The Extracted Concepts list contains all concepts from the thesaurus that have been detected in the uploaded documents.
In your opened corpus, click the Extracted Concepts (1) tab to open the Extracted Concepts list. Details about available options find below.
- Use Search Concepts (2) to filter for concepts, click Search to start the search. A list of results will be displayed. Click Reset to display the whole list.
- In the drop down Search Criteria (3) you can select to filter concepts found in the corpus or alternatively to filter concepts not found in the corpus.

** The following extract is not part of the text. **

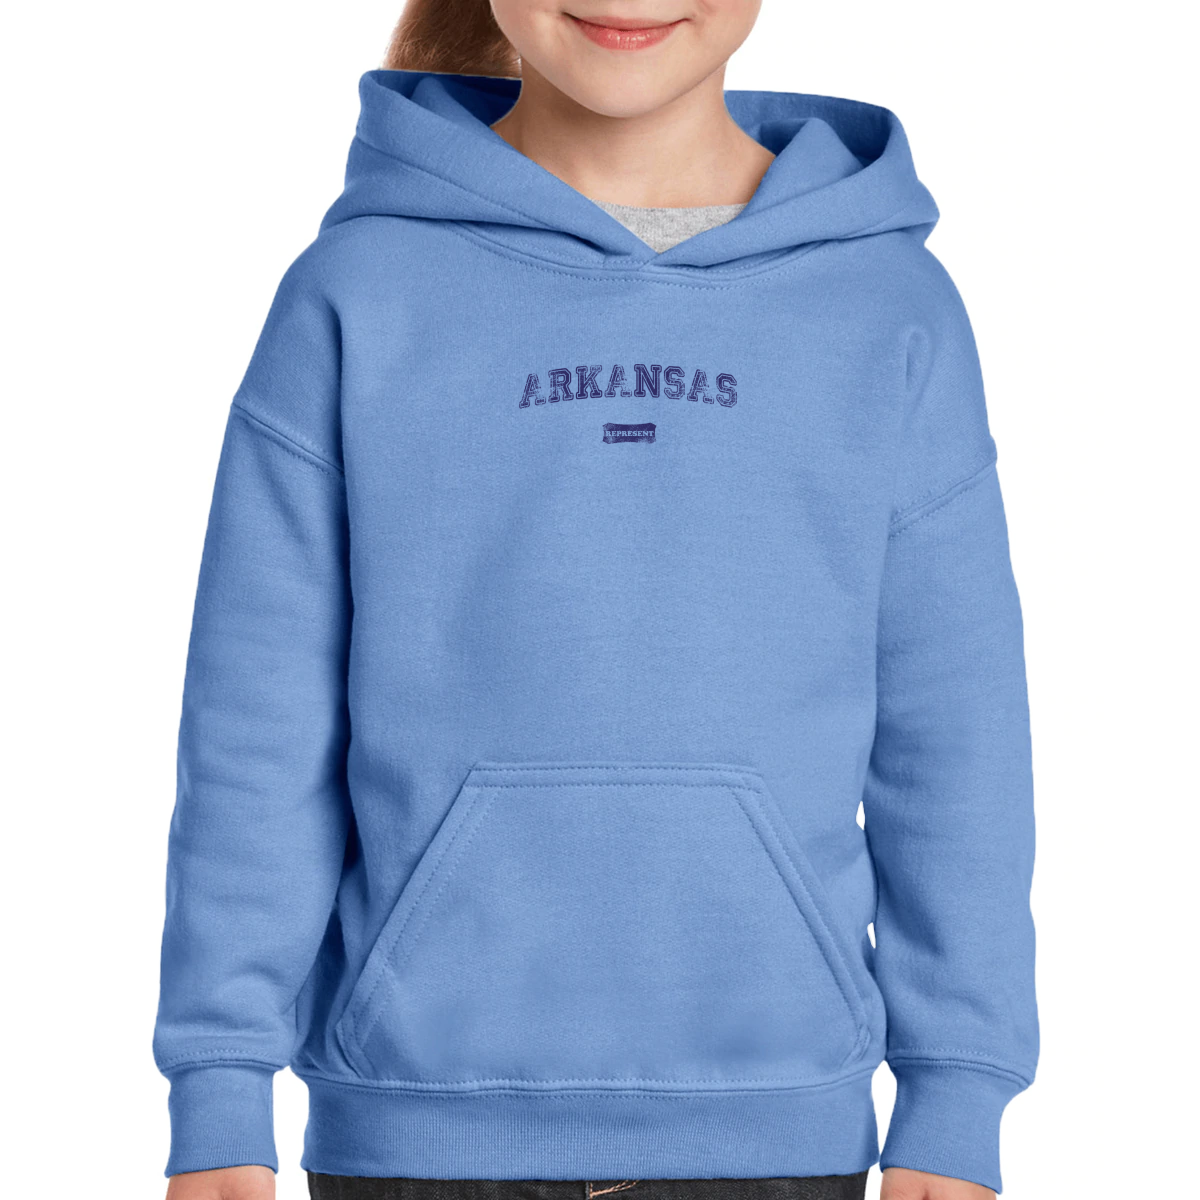 Arkansas Represent Kids Hoodie | Blue
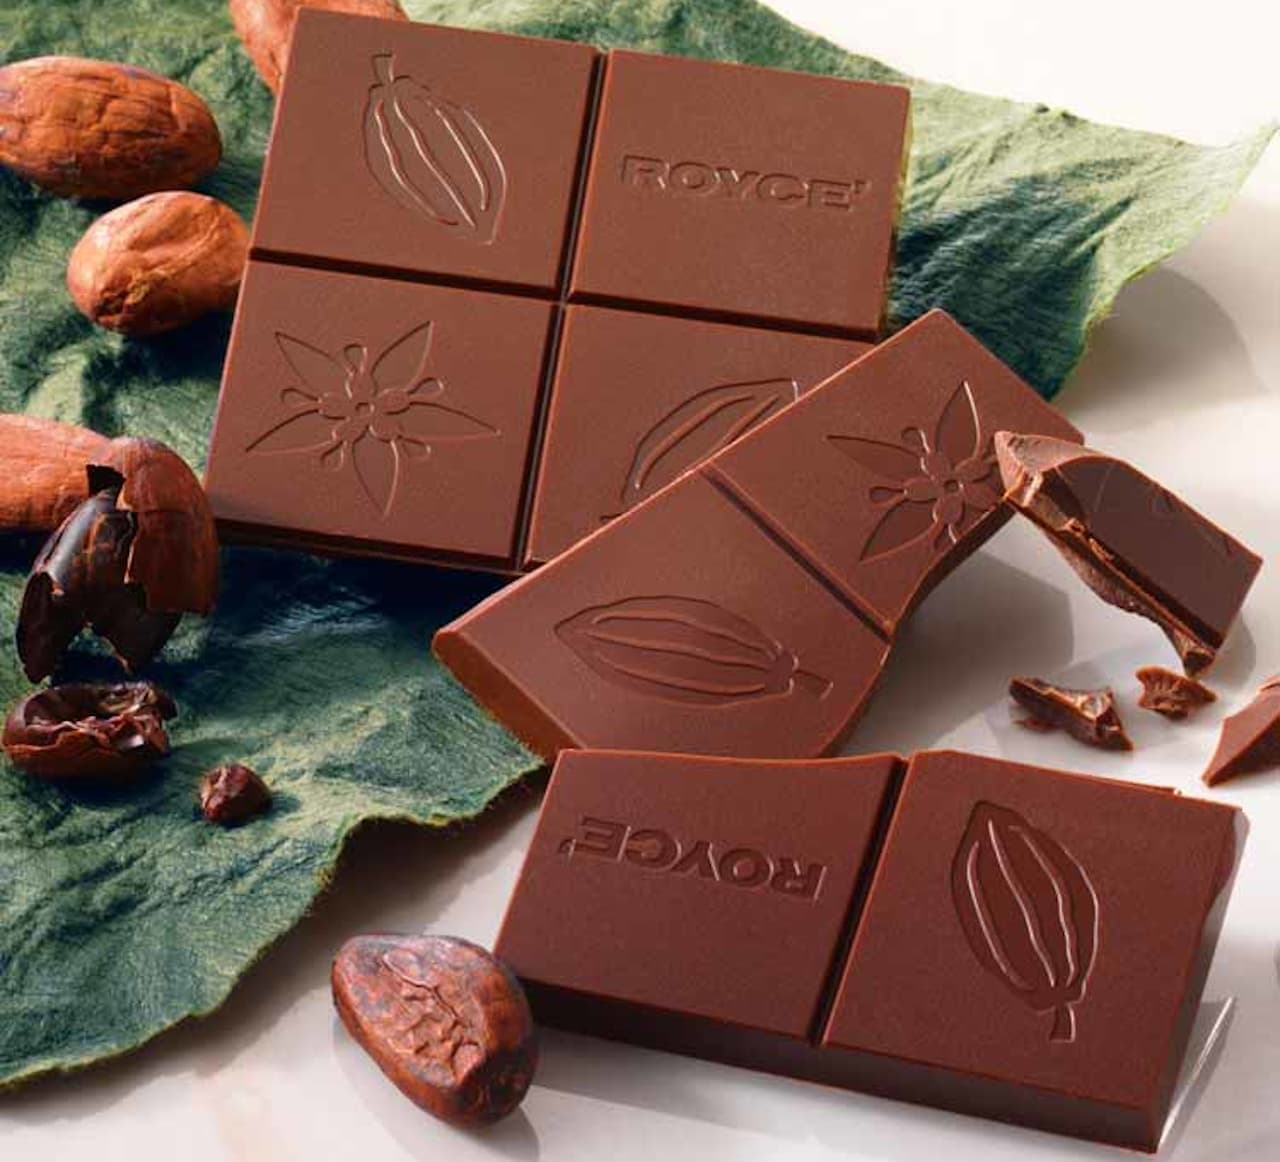 Lloyds' Valentine Limited Chocolate

Use the Show Matching Terms icon (4) to display a list of extracted terms that are similar to the respective concept. This helps to identify synonyms (alternative labels) and new narrower concepts which can be added to a concept with a few mouse clicks.
You can use the Add to Blacklist icon (5) to blacklist a concept, in order to exclude it from the extraction results.
The Extracted Concept list provides an overview of how often these concepts were found in the document corpus. It also lists the most frequently used label of each concept. In addition, the broader concepts and concept schemes of those concepts are displayed.
You can sort the first three table columns by clicking the table headers. The image shows a table sorted by Relevance column:
The table columns in the Extracted Concepts tab can be used to sort for Preferred Label, Frequency and Most Frequent Label.
The columns and their content provide the following information:
- Preferred Label: the actual label of the concept contained in the thesaurus that has been extracted from the corpus documents.
- Frequency: the total number of times a concept has been found in the corpus documents.
- Relevance: displays the scores of concepts found inside the corpus during the Corpus Analysis. Use these scores as information about the validity of the extracted concepts. The relevance of concepts here is calculated similarly to the terms in the Extracted Terms list.
- Most Frequent Label: displays labels of concepts that have been found as part of the term or as phrase in the corpus documents.
- Broader Concepts: displays the skos:broaders for the respective concept in that table row.
- Concept Scheme: displays the concept scheme that concept is part of.